Malcolm Mason was born in the Bronx in 1910. He graduated from Columbia College with honors in 1930 (after studying with Mortimer Alder and Mark Van Doren), spent the next academic year studying philosophy in France, and was admitted to the Columbia Law School in 1931. He was an outspoken student who frankly told Columbia's eminences when he thought they were wrong. This offended some but delighted Karl Llewellyn. Mason took Goebel's course on the Development of Legal Institutions with everyone else in the first year class, but, unlike most everyone else, he suggested improvements to the DLI materials, which Goebel later adopted. Later, he impressed Goebel with a research paper that pursued the duty to rescue through sources in Aramaic, Bulgarian, French, Gaelic, Hebrew, Italian and Latin.
Graduating in 1934, Mason followed three law school friends to Jerome Frank's legal division at the Agricultural Adjustment Administration, where he worked in the opinion section under Frank Shea and Telford Taylor. At some point he also assisted Alger Hiss when AAA lent the pair to the Special Senate Committee on Investigation of the Munitions Industry. That summer Goebel contacted him with an offer of a fellowship that, at $3,000, paid more than his AAA salary. Mason requested a leave of absence and commenced his work for Goebel on October 1, 1934. Although gone from Washington, he was not forgotten. After Frank and other AAA lawyers were purged for their liberal ways in February 1935, Telford Taylor commended him to Thomas Corcoran, the "network entrepreneur" of the New Deal lawyers, as "unusually good and well worth inquiring about," although Taylor was "not sure how keen he would be to come down," in light of his "very fat fellowship." In fact, Mason remained at Columbia for four years, assisting Goebel for pay and Llewellyn without compensation. He finally left Morningside Heights for the National Labor Relations Board in 1938.
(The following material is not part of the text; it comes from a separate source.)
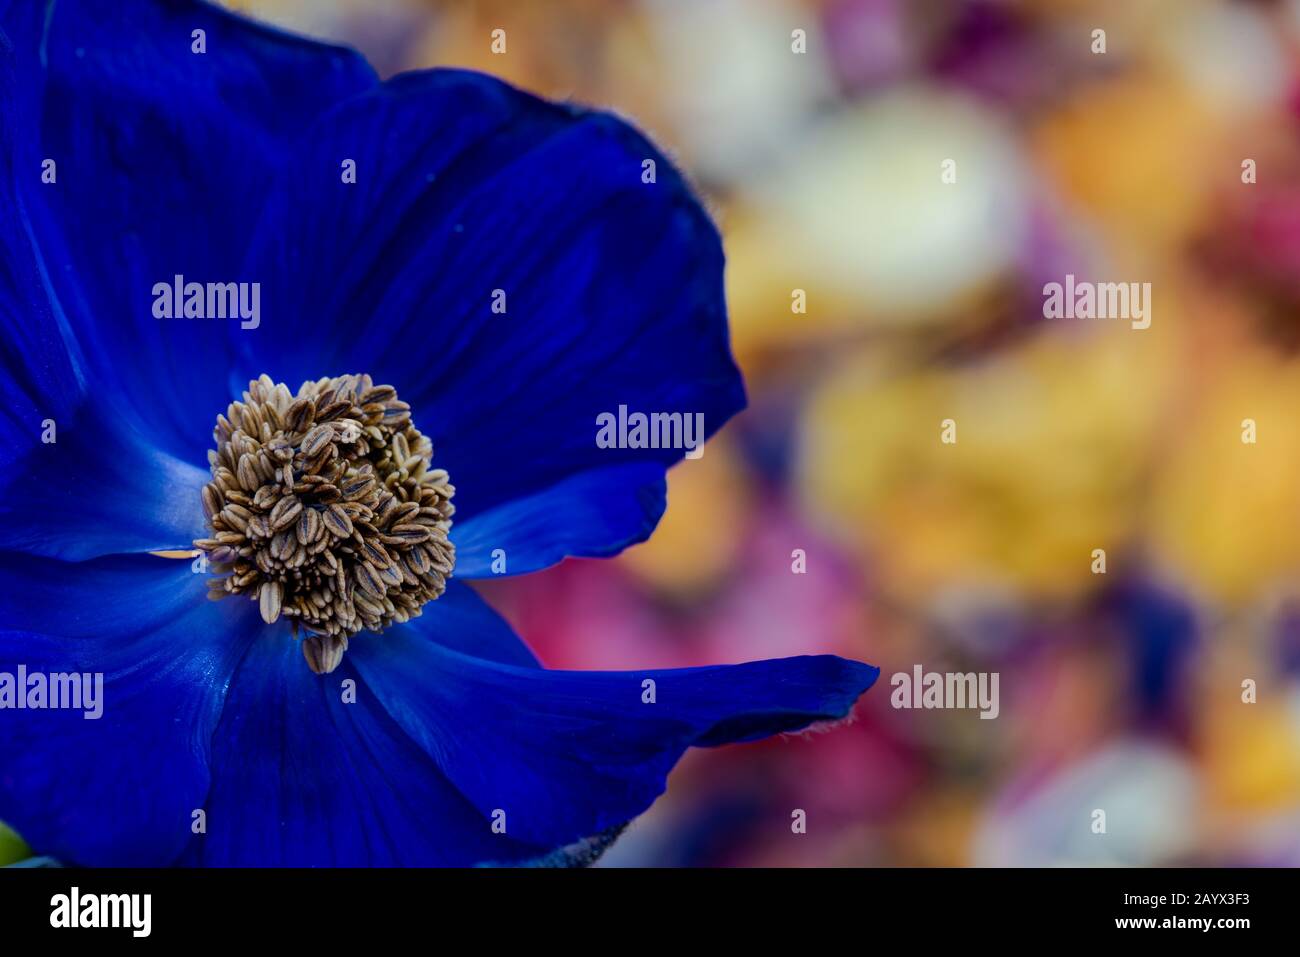 Isolated single deep blue anemone blossom macro on colorful blurred petals background Stock Photo

I met Mason in September 2005, when I traveled to his daughter and son-in-law's house near Charlottesville to interview him about his time at the AAA and NLRB. When he mentioned his fellowship with Goebel, I was intrigued. At the University of Chicago Law School, Richard Helmholz had me and the other members of his seminar read Goebel's devastating assault on the frontier thesis as applied to the legal history of the American colonies, and, early in my work with him, John Langbein pointed me to the monumental Law Enforcement in Colonial New York (1944). I was under the impression that Goebel and other contributors to what William Nelson has called the "professional tradition" of American legal history were principally interested in the history of courts and lawyers. A study of the legislative and administrative regulation of business seemed to me Hurstian, not Goebellian.
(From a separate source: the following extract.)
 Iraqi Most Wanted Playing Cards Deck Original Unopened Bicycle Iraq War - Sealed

Mason told me that he was one of two researchers set to work on a project entitled "Control of Business in Medieval and Tudor England." Armand DuBois, already at work on an inventively researched and imaginative book on corporate law in the shadow of the English "Bubble Act" of 1720, had been assigned the medieval era; Mason, the Tudor. Mason explained:
I wrote on economic regulation in the time of Henry VII. Jules said to me, "It's a very fine book but you ought to rewrite it in a more academic style." I don't know whether he meant that or whether it was a way to let me down gently. . . . I think it was an important book but it's never been published.Later in the interview, we returned to the subject. "What was behind it," Mason recalled, "not in Jules's mind, I think, but in [the mind of] his financial sponsor, [was that] I might show up the New Deal"–that Mason might reveal the New Deal to be "wrongheaded." But, Mason continued, "I didn't show up the New Deal. If anything, I supported the New Deal." Mason could not recall being pressured by Goebel, Goebel's "sponsor," or anyone else. When I suggested that Goebel's concern about style might have masked other objections, Mason allowed that it might have been "a pleasant way of saying, ‘Well, you haven't done what we wanted.'" Still, he was inclined to think that Goebel's stylistic concern was decisive. "I did write in an unusual style," he observed.